Further analysis in the study showed a significant association of AEG-1 expression with advanced clinical staging, and T, N, and M classification. This suggested that AEG-1 might be useful as a biomarker to identify subsets of patients with PDAC who had more aggressive disease. Patients with high AEG-1-expressed PDAC had only a 7.84% cumulative 2-year survival rate, which was significantly lower than that in patients with low AEG-1–expressed PDAC (38.09%).
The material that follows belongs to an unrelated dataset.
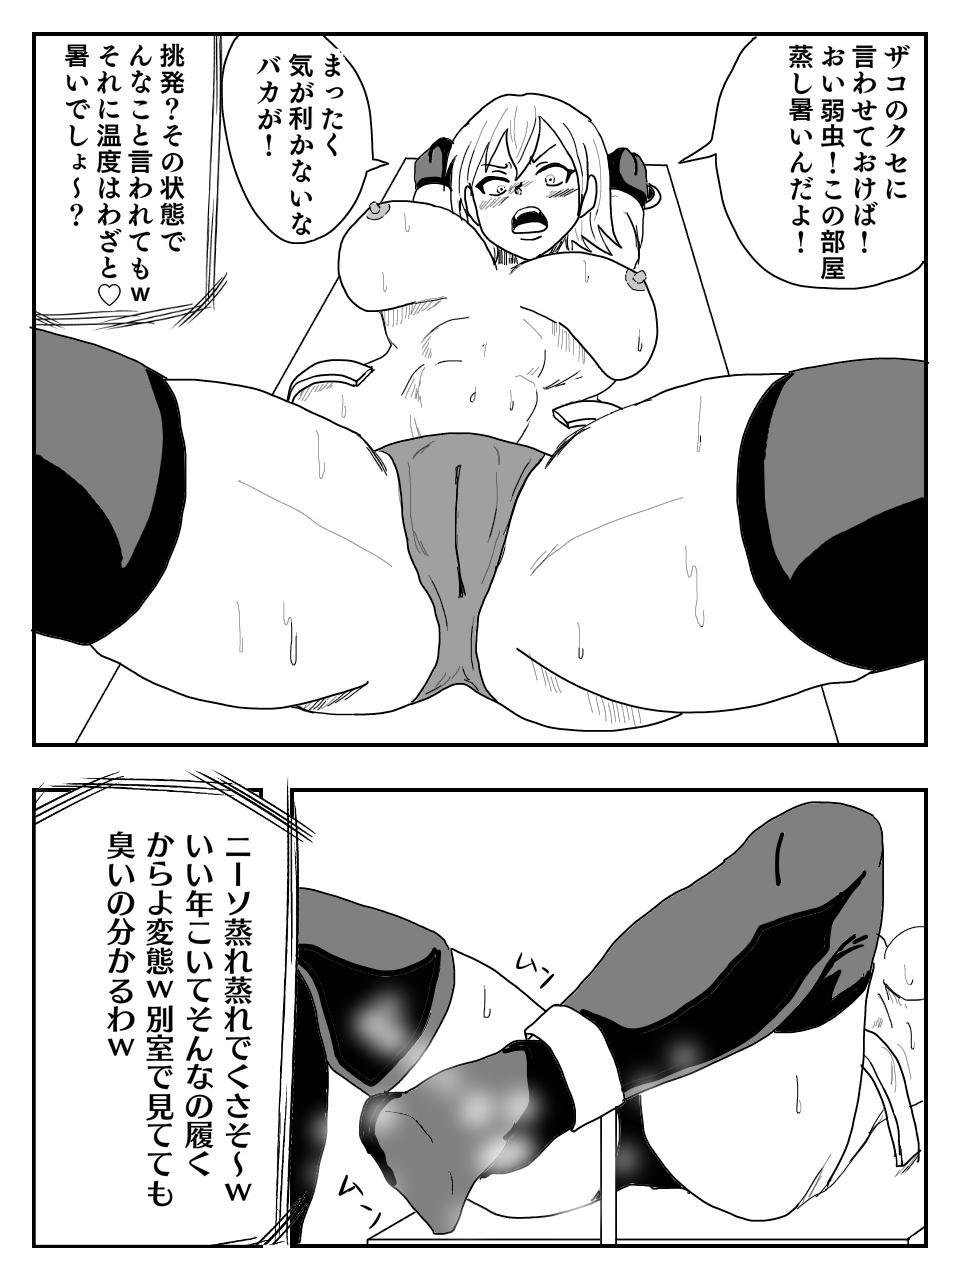 Kutsujoku Kusuguri Goumon Manga-fuu 2

The multivariate Cox regression analysis showed that clinical stage, T classification, and AEG-1 expression were independent prognostic predictors for PDAC.
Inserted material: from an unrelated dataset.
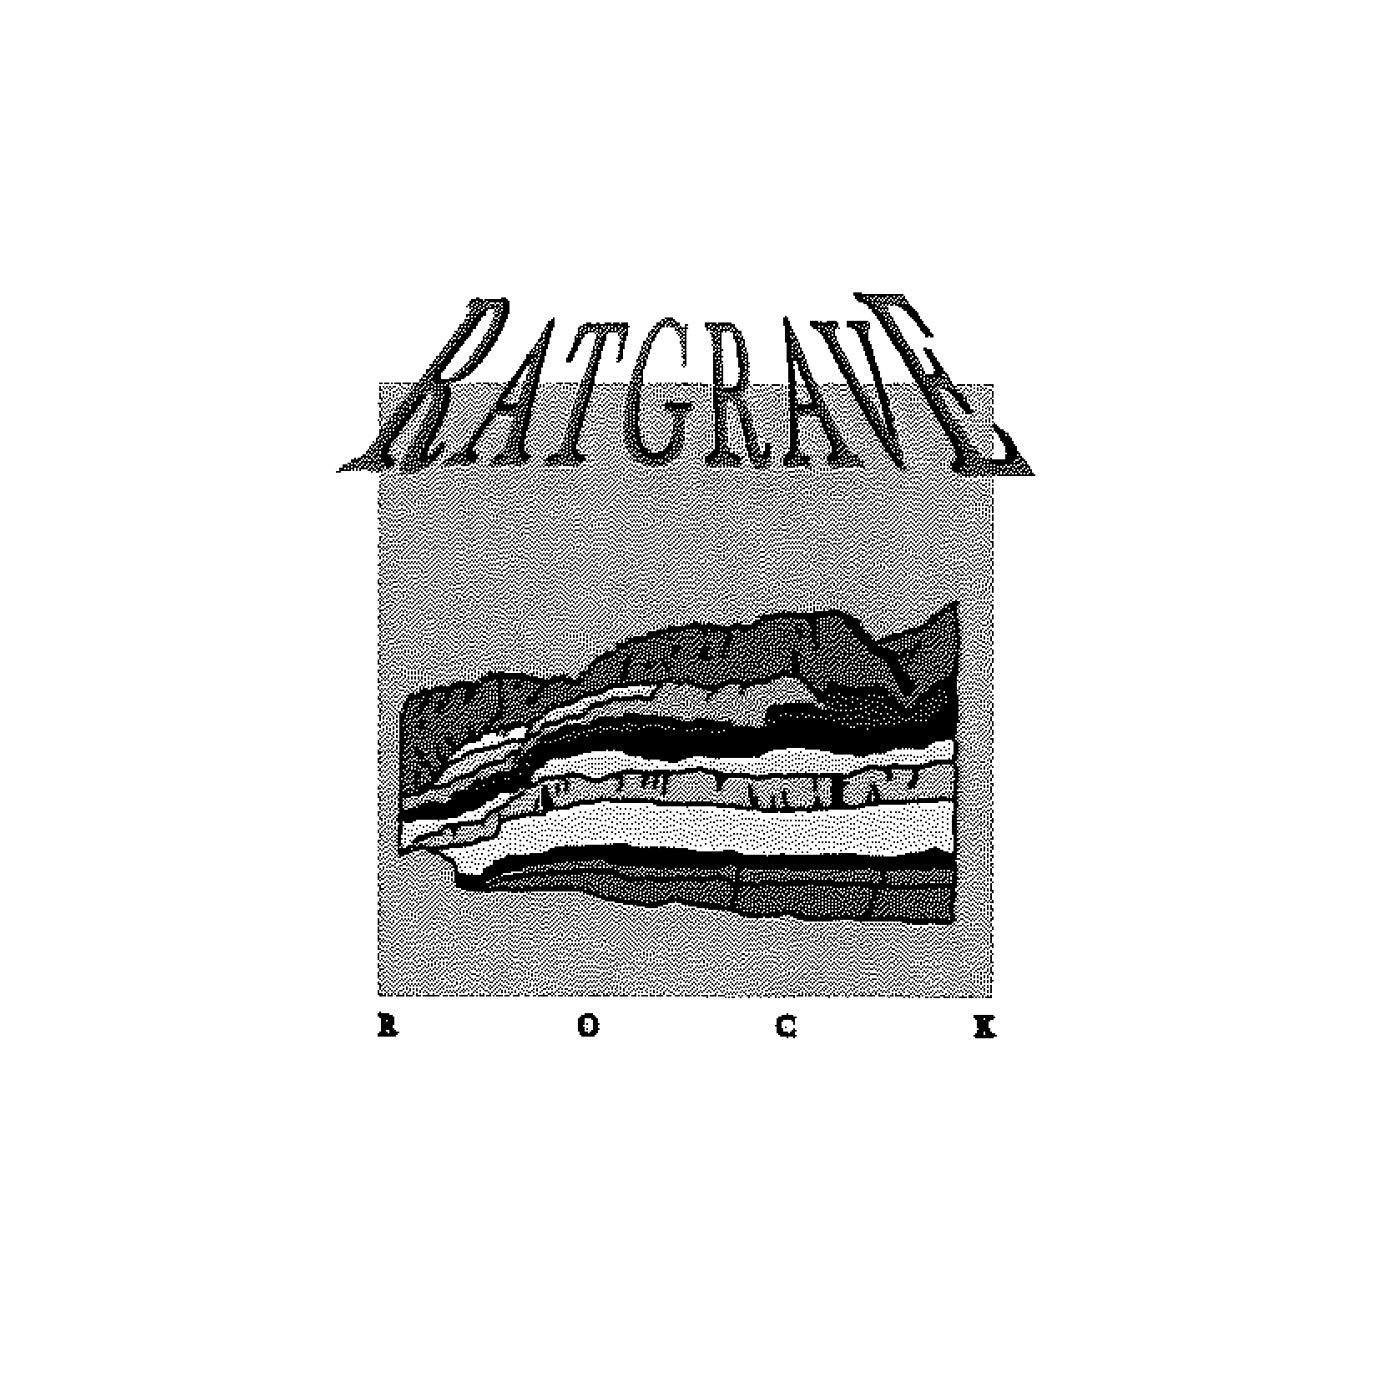 Ratgrave - Rock (2020) [FLAC] Download

The ex vivo analysis of AEG-1 expression could be a limitation of this study. An in vitro mechanistic study of AEG-1 knockout or transgenic animal models in PDAC cell would be important for further understanding of the functional significance of AEG-1 in PDAC development and progression.

Conclusions

Our current study demonstrated that up-regulation of AEG-1 expression was associated with worse survival of PDAC patients by showing that AEG-1 protein level is an independent prognostic predictor for PDAC patients. Thus, further study will confirm our current data before used in clinical practice.